1.2. Verified boot in U-Boot
| Using U-Boot as BL33 is inherently insecure. More measures than described here are required to achieve other than a casual level of security. If you are serious about security you should be using either (secured, hardened) Linux or an RTOS-based embedded application. |
This section describes how to enable the verified boot in u-boot and
how the fit images need to be signed to be able to boot
them.

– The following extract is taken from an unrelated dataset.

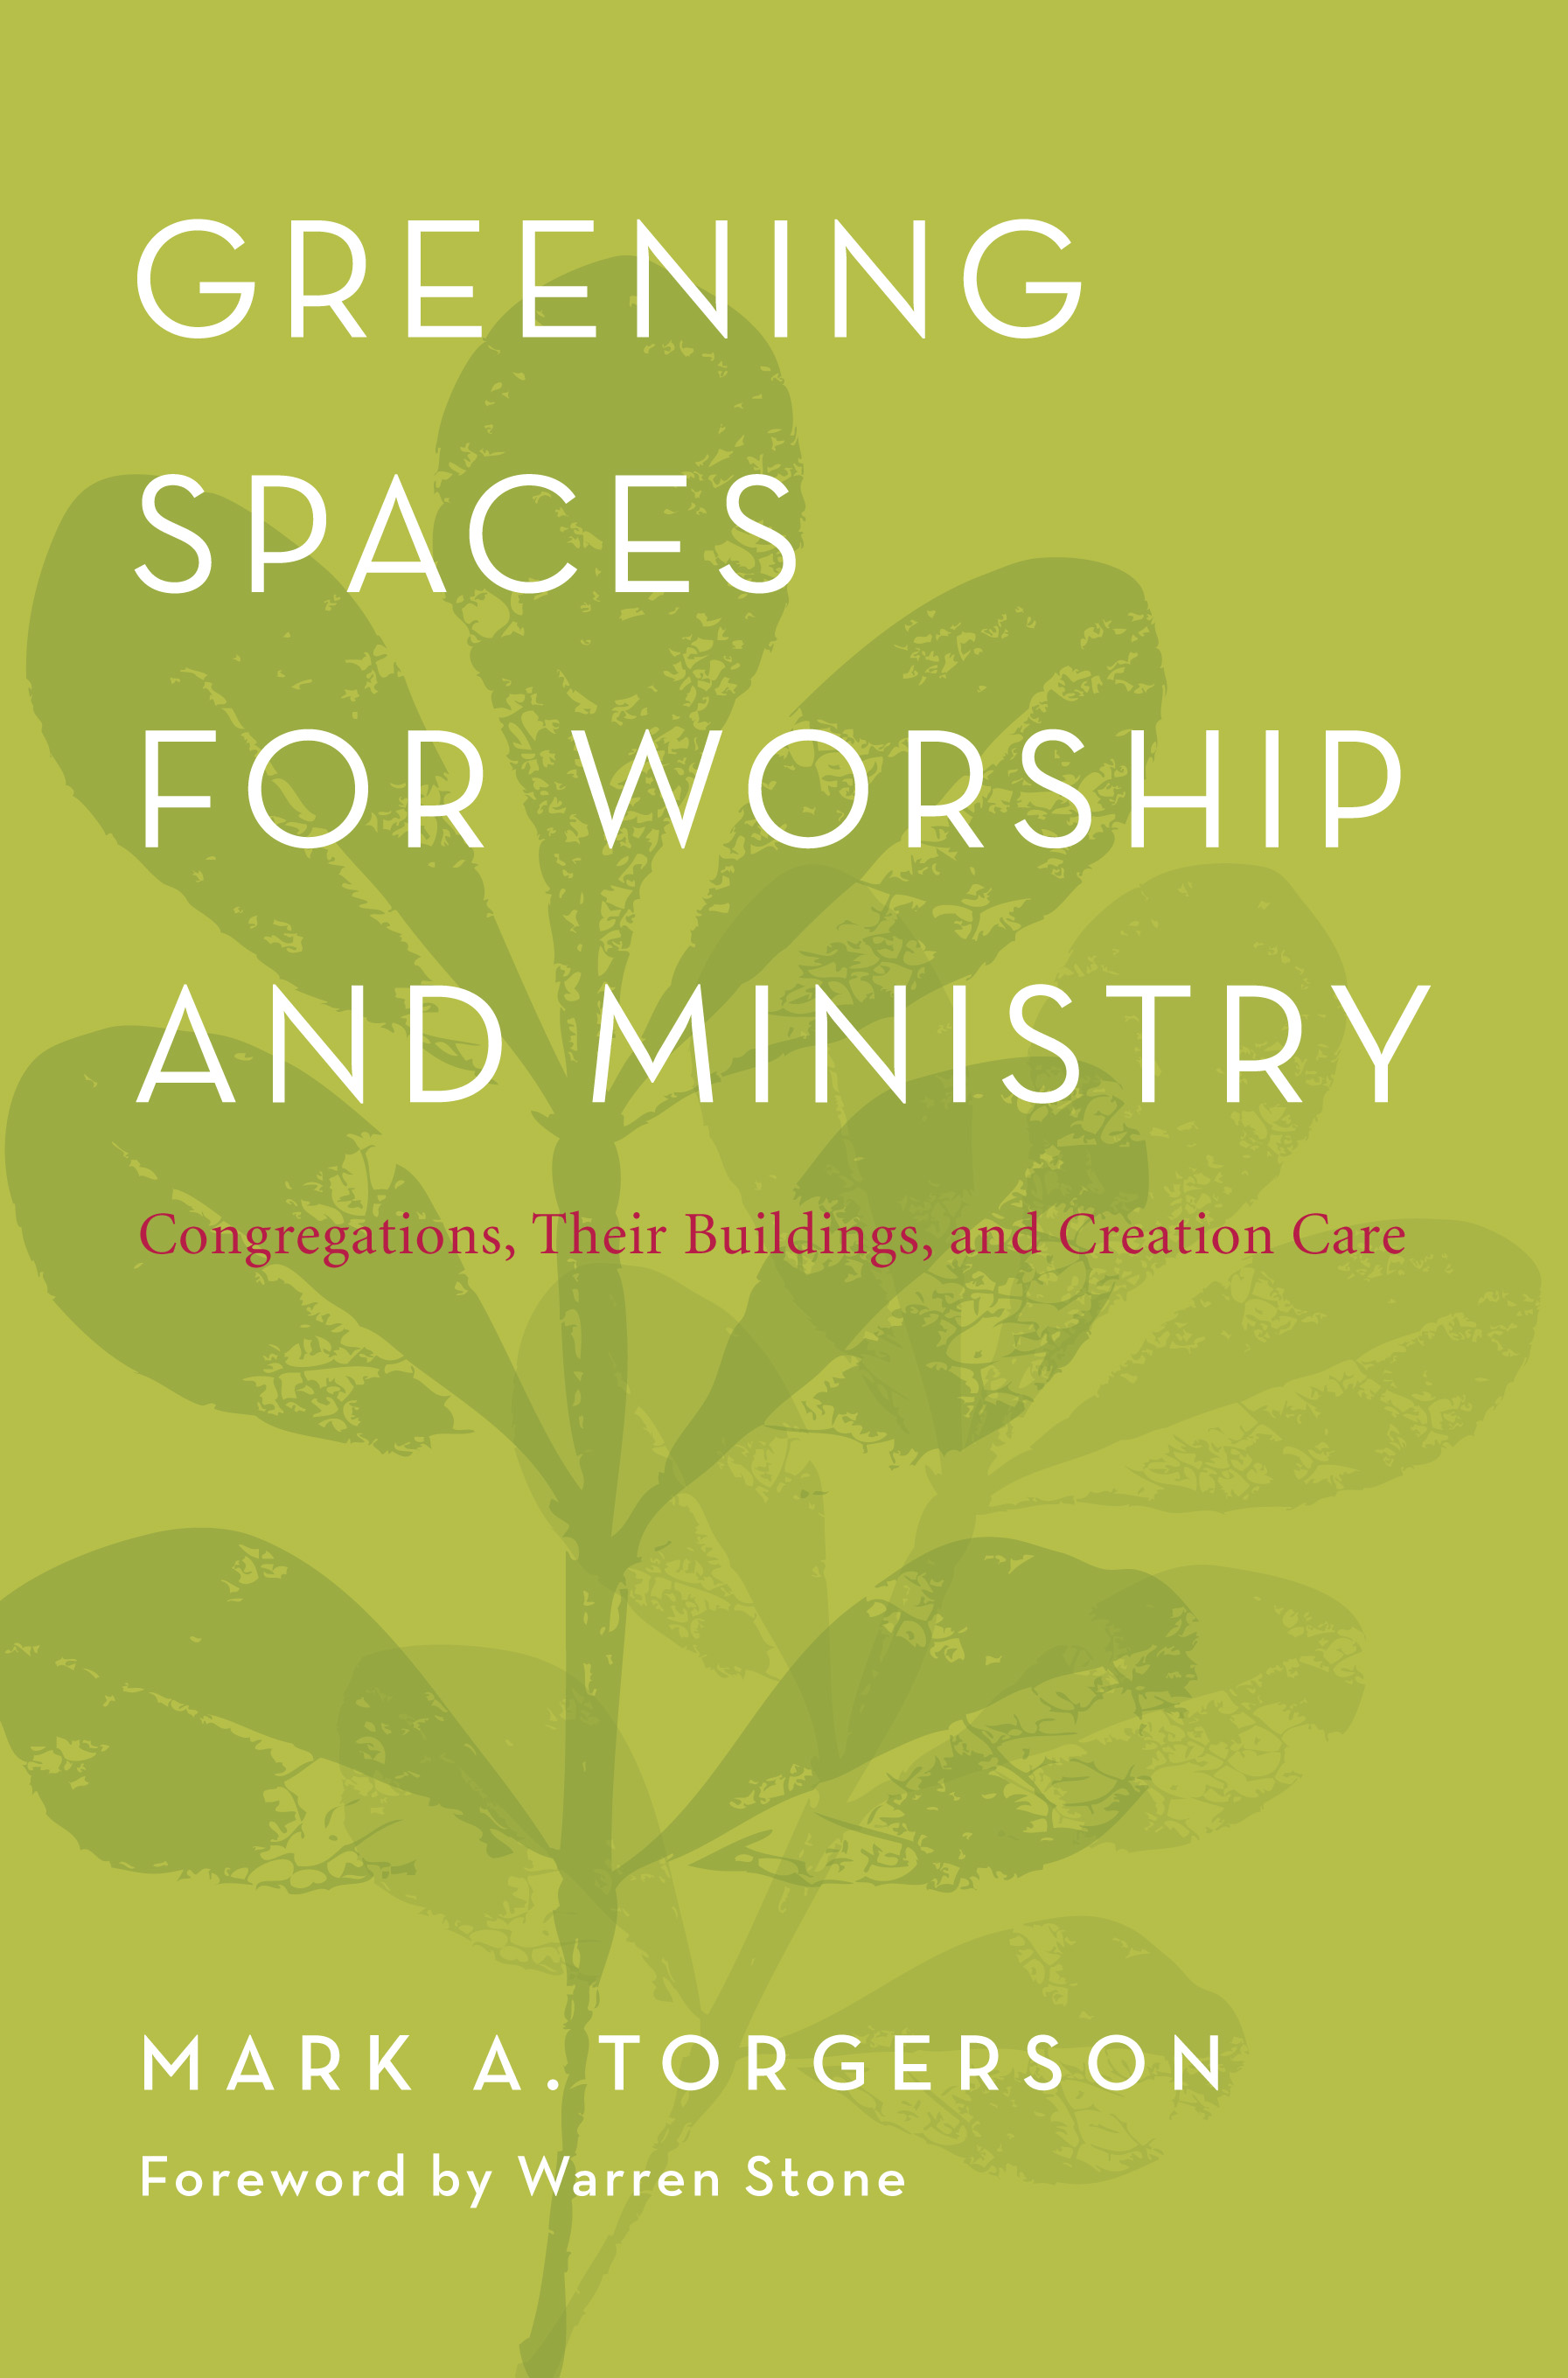 Greening Spaces for Worship and Ministry: Congregations, Their Buildings, and Creation Care

Although U-Boot may support other image types, only fit
images can be signed.
1.2.1. Generate keys
First it is required to generate a private and public key which will be used to sign the fit images:
openssl genrsa -F4 -out /tmp/keys/dev.key 2048 openssl req -batch -new -x509 -key /tmp/keys/dev.key -out /tmp/keys/dev.crt
1.2.2. Configure U-boot
After this it is required to enable these configuration options in u-boot:
-
CONFIG_FIT_SIGNATURE=y
-
CONFIG_DEVICE_TREE_INCLUDES="lan969x_signed.dtsi"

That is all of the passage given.